Mehr als 50.000 Menschen sind in der Türkei und Syrien durch die Katastrophe gestorben. Nach UN-Angaben sind rund 29 Millionen Menschen in beiden Ländern betroffen, etwa die Einwohnerzahl der Metropolen Istanbul, New York, Paris und Berlin zusammen.
Die Region kommt unterdessen noch immer nicht zur Ruhe. Am Samstag traf ein Beben der Stärke 5,2 die zentralanatolische Provinz Niğde in der Türkei, wie die Erdbebenwarte Kandilli mitteilte. Das Epizentrum lag demnach im Bezirk Bor.
Von syrischen Stellen wurden innerhalb von 24 Stunden insgesamt mehr als 60 Nachbeben erfasst, wie das Erdbebenzentrum des Landes am Samstag mitteilte. Die Phase der Nachbeben könne noch zwei Jahre andauern, hieß es von der türkischen Katastrophenschutzbehörde Afad. Auf die Hauptbeben am 6. Februar folgten demnach bereits mehr als 9000 Nachbeben.
Sicherheit vor Ort
In der syrischen Hauptstadt Damaskus landeten am Wochenende die ersten zwei Flugzeuge mit Hilfsgütern als Teil einer humanitären Luftbrücke. Sie lieferten unter anderem winterfeste Zelte, Ausrüstung für Unterkünfte und Heizgeräte, wie die EU-Kommission am Sonntag mitteilte. Weitere Flüge sollen folgen. Sie liefern Hilfe aus EU-Lagern in Dubai sowie Brindisi in Italien für die Bevölkerung sowohl in den von der Regierung kontrollierten als auch in den nicht von der Regierung kontrollierten Gebieten.
Für die türkische Metropole Istanbul ist die Erdbeben-Katastrophe im Süden des Landes auch eine Mahnung: Experten halten ein Beben dort mit einer Magnitude von bis zu 7,4 für überfällig.

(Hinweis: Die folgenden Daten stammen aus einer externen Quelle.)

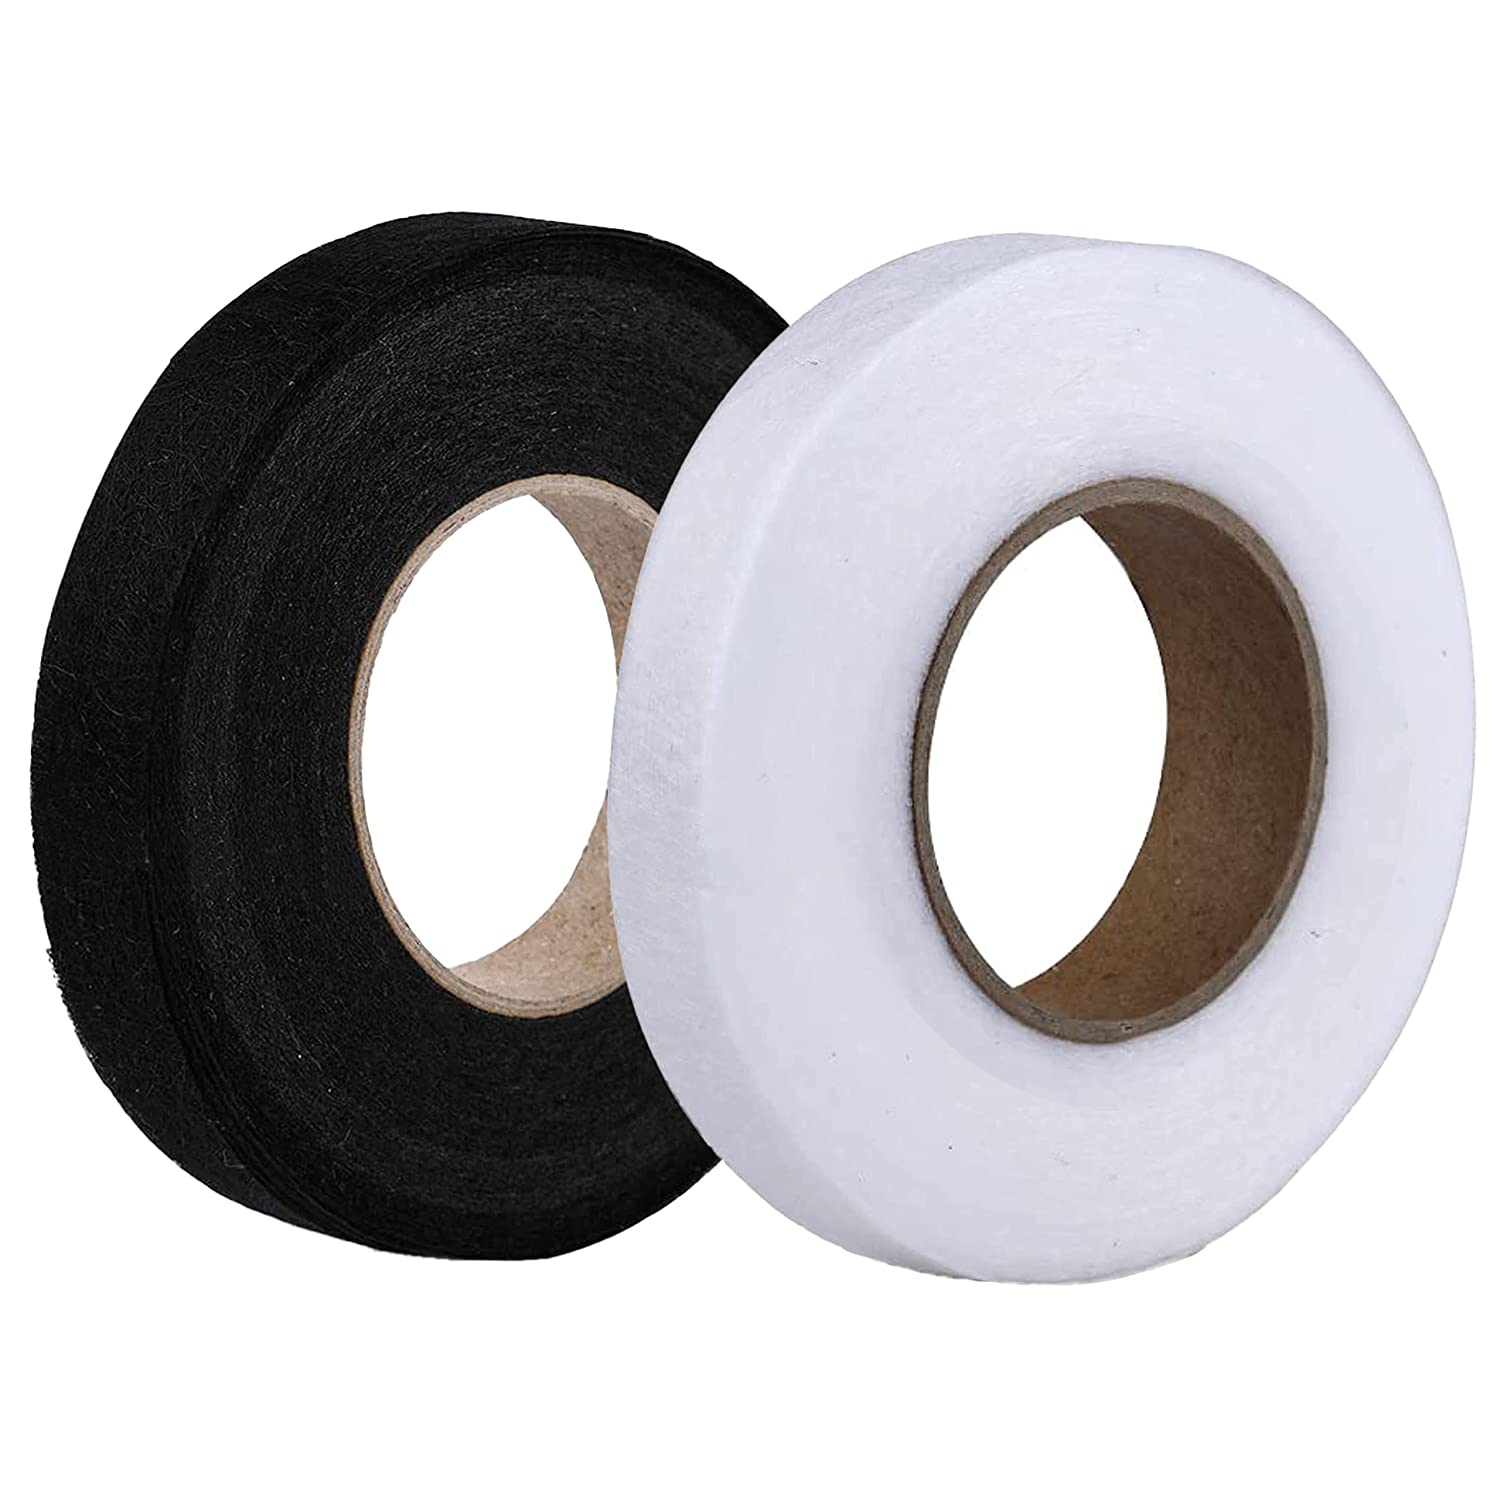 Adhesive Tape Hemming Fabric  Iron Fabric Adhesive Tape

Nötig sei ein schnelles Bauprogramm für mehr Erdbebensicherheit im Wert von etwa 30 bis 40 Milliarden Dollar, sagte Istanbuls Bürgermeister Ekrem Imamoglu am Samstag. „Der Betrag ist dreimal so hoch wie das Jahresbudget der Stadt Istanbul, aber wir müssen bereit sein, bevor es zu spät ist.“
Die Region Istanbul ist Teil des Nordanatolischen Verwerfungssystems, einer großen tektonischen Plattengrenze, die für zerstörerische Erdbeben mit vielen Opfern bekannt ist. In der Megacity leben nach offiziellen Angaben 16 Millionen Menschen, nach inoffiziellen Schätzungen sogar 20 Millionen. Es gebe rund 1,6 Millionen alte, nicht erdbebensicher gebaute Gebäude, hatte Nusret Suna von der Istanbuler Bauingenieurskammer kürzlich gesagt.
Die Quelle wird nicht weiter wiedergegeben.